In the process according to the invention, the auxiliaries used in the conventional processes, such as, for example, surfactants, pigmentary and non-pigmentary dispersants, fillers, adjusting agents, resins, waxes, defoamers, anti-dusting agents, extenders, colorants for shading, preservatives, drying retardants, additives for controlling the rheology, wetting agents , Antioxidants, UV absorbers, light stabilizers, or a combination thereof.

The auxiliaries can be added at any time before, during or after the reaction in the microreactor, all at once or in several portions. The auxiliaries can be added, for example, directly to the solutions or suspensions of the reactants, but also during the reaction in liquid, dissolved or suspended form.

The total amount of auxiliaries added can be 0 to 40% by weight, preferably 1 to 30% by weight, particularly preferably 2.5 to 25% by weight, based on the naphthol AS pigment.

Suitable surfactants are anionic or anionic, cationic or cationic and nonionic substances or mixtures of these agents. Examples of surfactants, pigmentary and non-pigmentary dispersants which can be used for the process according to the invention are given in EP-A-1 195 411.

Since maintaining a desired pH value during and after the reaction is often decisive for the quality, buffer solutions can also be added, preferably of organic acids and their salts, such as formic acid / formate buffer, acetic acid / acetate buffer, citric acid / citrate buffer; or of inorganic acids and their salts, such as phosphoric acid / phosphate buffer or carbonic acid / bicarbonate or carbonate buffer.

b) The solvent wash:

The solvent washing according to the invention comprises the absorption of the naphthol AS pigment produced in step (a), either directly from the microreactor or after intermediate insulation, for example as a press cake (approx. 5 to 30% by weight solids content), in one of the organic solvents mentioned. Preferred solvents are C3-C ₄ alcohols, glycol ethers and chlorinated benzenes, such as butoxyethanol, ortho-dichlorobenzene, isobutanol, isopropanol, or a mixture thereof. It is also possible to use a pigment suspension treated according to (c).

The amount of solvent is preferably 1 to 30% by volume, in particular 5 to 15% by volume, based on the volume of the pigment suspension, or 1 to 10 times the amount by weight of solvent, based on the weight of the

Pigments in the press cake.

The mixture of pigment suspension or press cake and solvent is preferably at a temperature between 10 and 50 ° C, in particular between 20 and 45 ° C, and preferably for 0.1 to 2 hours, in particular 0.25 to 1 hours, and preferably at normal pressure touched.

Ordinary stirrers such as e.g. Laboratory stirrer in question.

In principle, however, an inline dispersing machine, equipped with appropriate dispersing tools, can also be used in the pumping around of the reservoir. Such a dispersing machine firstly ensures intensive mixing of the suspension in the storage vessel, but at the same time it also has a deagglomerating effect, so that any inclusions are exposed. The solvent-treated pigment suspension is then filtered and washed or fed to membrane purification (c). (c) Membrane purification:

The membrane purification according to the invention comprises passing an azo colorant suspension obtained from step (a) or from (b) through a membrane system which is designed in such a way that the naphthol AS pigment is retained as completely as possible by the membrane. Water or an organic solvent, optionally in a mixture with water, is particularly suitable as the liquid medium. The solids concentration in the suspension is advantageously 1 to 10% by weight, preferably 2 to 5% by weight, based on the total weight of the suspension. The driving force for the transmembrane mass transfer is a pressure difference between the two sides of the membrane. The pressure difference is advantageously 0.5 to 5 bar, preferably 1 to 2 bar. The pressure is measured, for example, by suitable pumps, e.g. Piston pumps. Ceramic or polymer membranes with typical separation limits between 100 and

10 ⁶ g / mol used. Static membrane modules, such as tube or plate modules, or dynamic membrane modules are preferably used. The temperature is advantageously 0 to 100 ° C, in particular 20 to 80 ° C.
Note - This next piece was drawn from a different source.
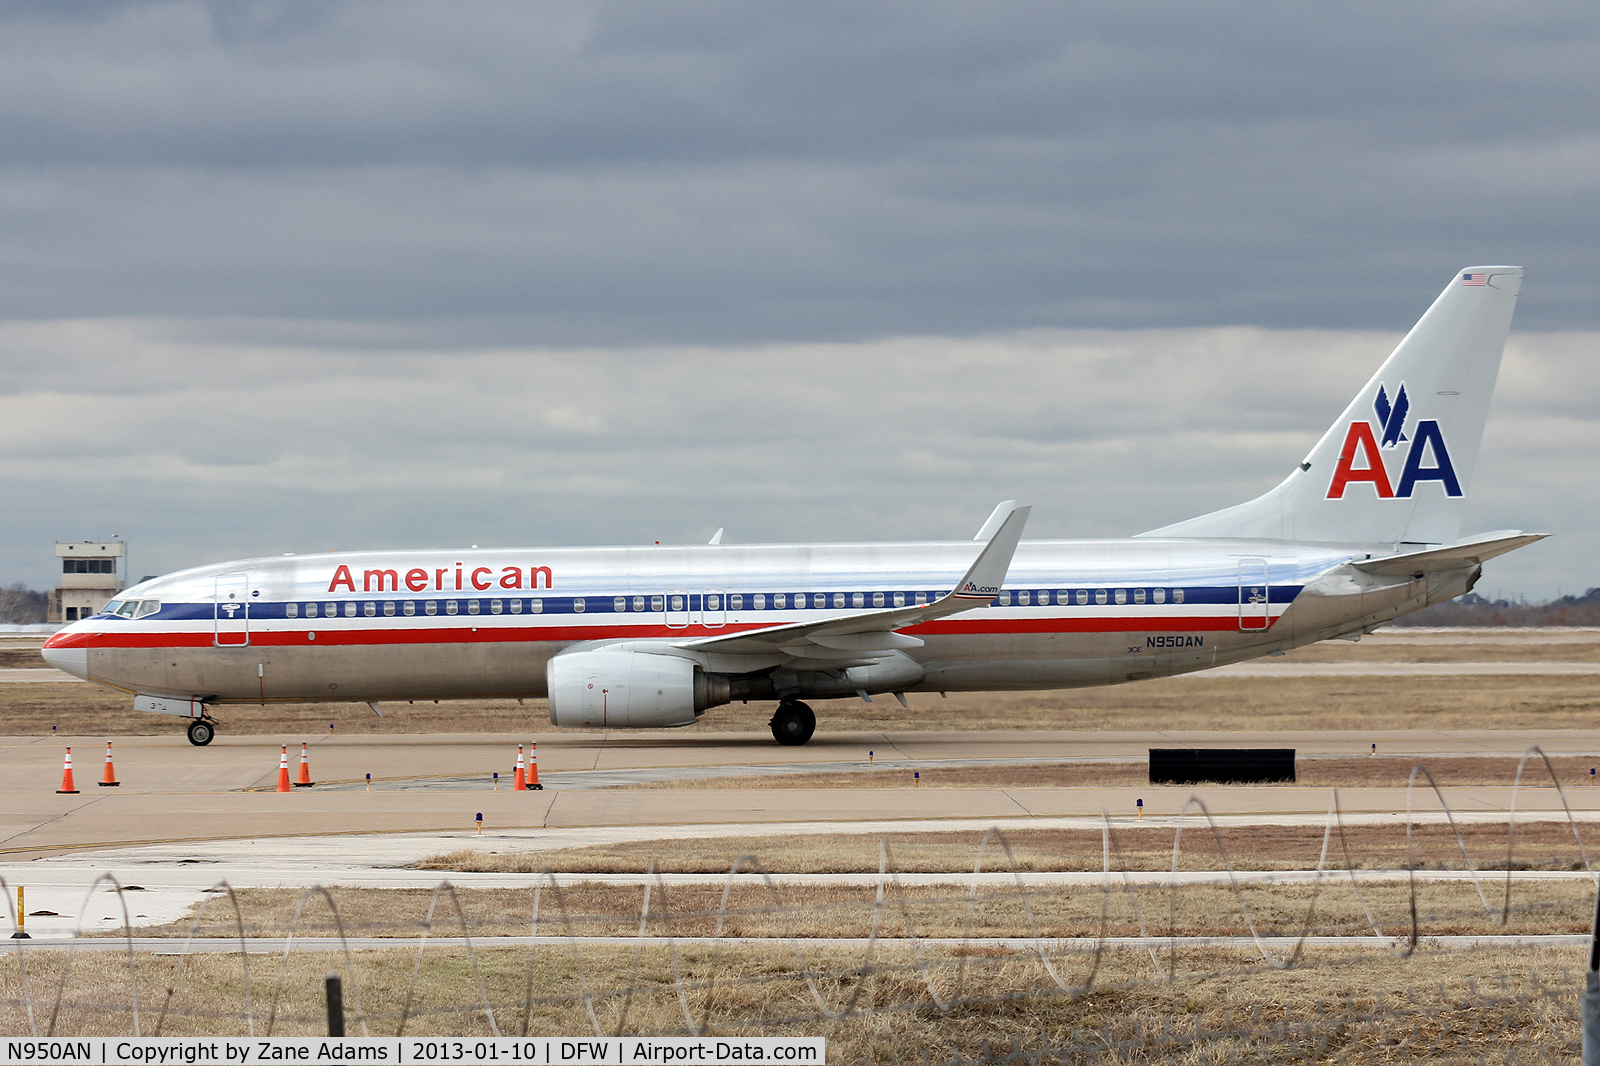 N950AN, 2000 Boeing 737-823 C/N 30087, American Airlines at DFW Airport

The membrane purification can also be carried out as diafiltration. The retentate, i.e. the azo pigment, returned to the original container and the water or solvent content kept constant by water make-up. With the method according to the invention, the following product improvements can be achieved compared to a conventional, optimized batch process:

Step (a) significantly reduces the content of triazene and mixed triazene, ie mostly to below the detection limit of 50 ppm, but mostly there is still more than 100 ppm of free aromatic amine H ₂ N-Ar and of unreacted coupling component, ie naphthol. Step (b) or (c), preferably through the combination of (b) and (c), surprisingly succeeds in lowering the free amine and naphthol content often below the respective detection limit of 25 ppm or 100 ppm. As a side effect of membrane purification, inorganic salts are also retained.
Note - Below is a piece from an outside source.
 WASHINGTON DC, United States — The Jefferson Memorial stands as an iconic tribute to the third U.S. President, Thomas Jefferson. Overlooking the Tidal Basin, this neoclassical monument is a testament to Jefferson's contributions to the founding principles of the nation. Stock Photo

The high-purity naphthol AS pig ducks according to the invention are used in particular for coloring electrophotographic toners and developers, such as e.g. One- or two-component powder toners (also called one- or two-component developers), magnetic toners, liquid toners, latex toners, polymerization toners and special toners, powder coatings, inkjet inks and color filters as well as colorants for electronic inks (“electronic inks” or “e- inks ") or" electronic paper "(" e-paper ").

Toner particles can also be used for cosmetic and pharmaceutical applications, e.g. for coating tablets.
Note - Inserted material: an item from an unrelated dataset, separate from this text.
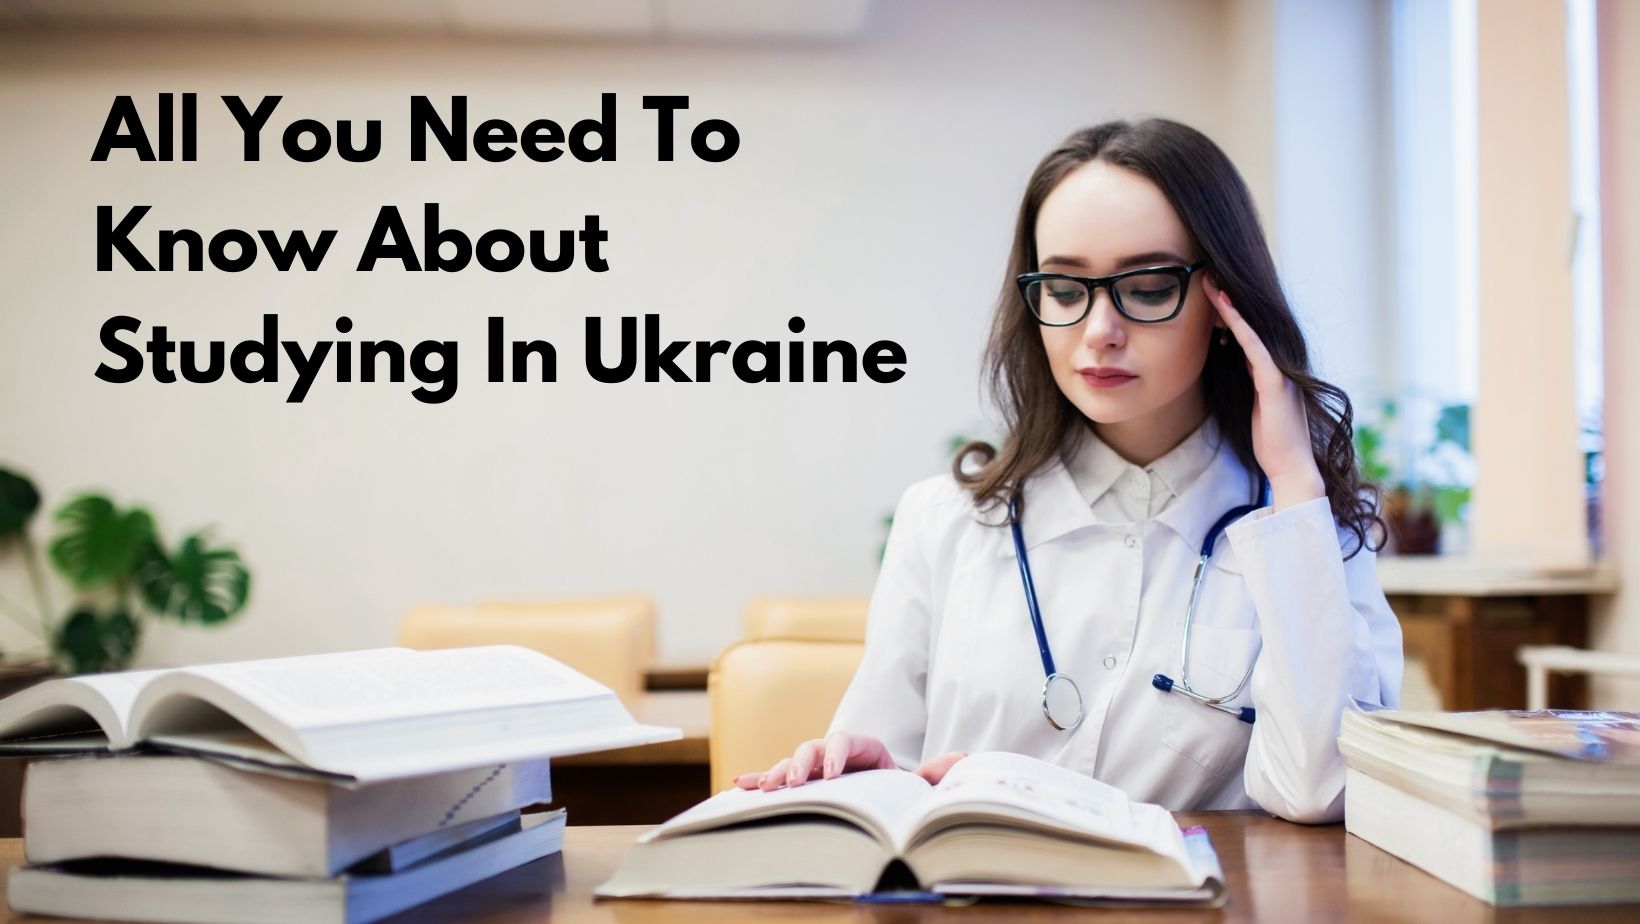 All You Need To Know About Studying In Ukraine

Typical toner binders are polymerization, polyaddition and polycondensation resins, such as styrene, styrene-acrylate, styrene-butadiene, acrylate,

Polyester, phenol epoxy resins, polysulfones, polyurethanes, individually or in

Combination, as well as polyethylene and polypropylene, which also contain other ingredients, such as charge control agents,

Waxes or flow aids, can contain or modified with these additives afterwards.

The naphthol AS pigments according to the invention can of course also be used quite generally for pigmenting high molecular weight organic materials of natural or synthetic origin, for example plastics, resins, lacquers, paints, electrophotographic toners and developers, electret materials, color filters and also inks, printing inks and seeds.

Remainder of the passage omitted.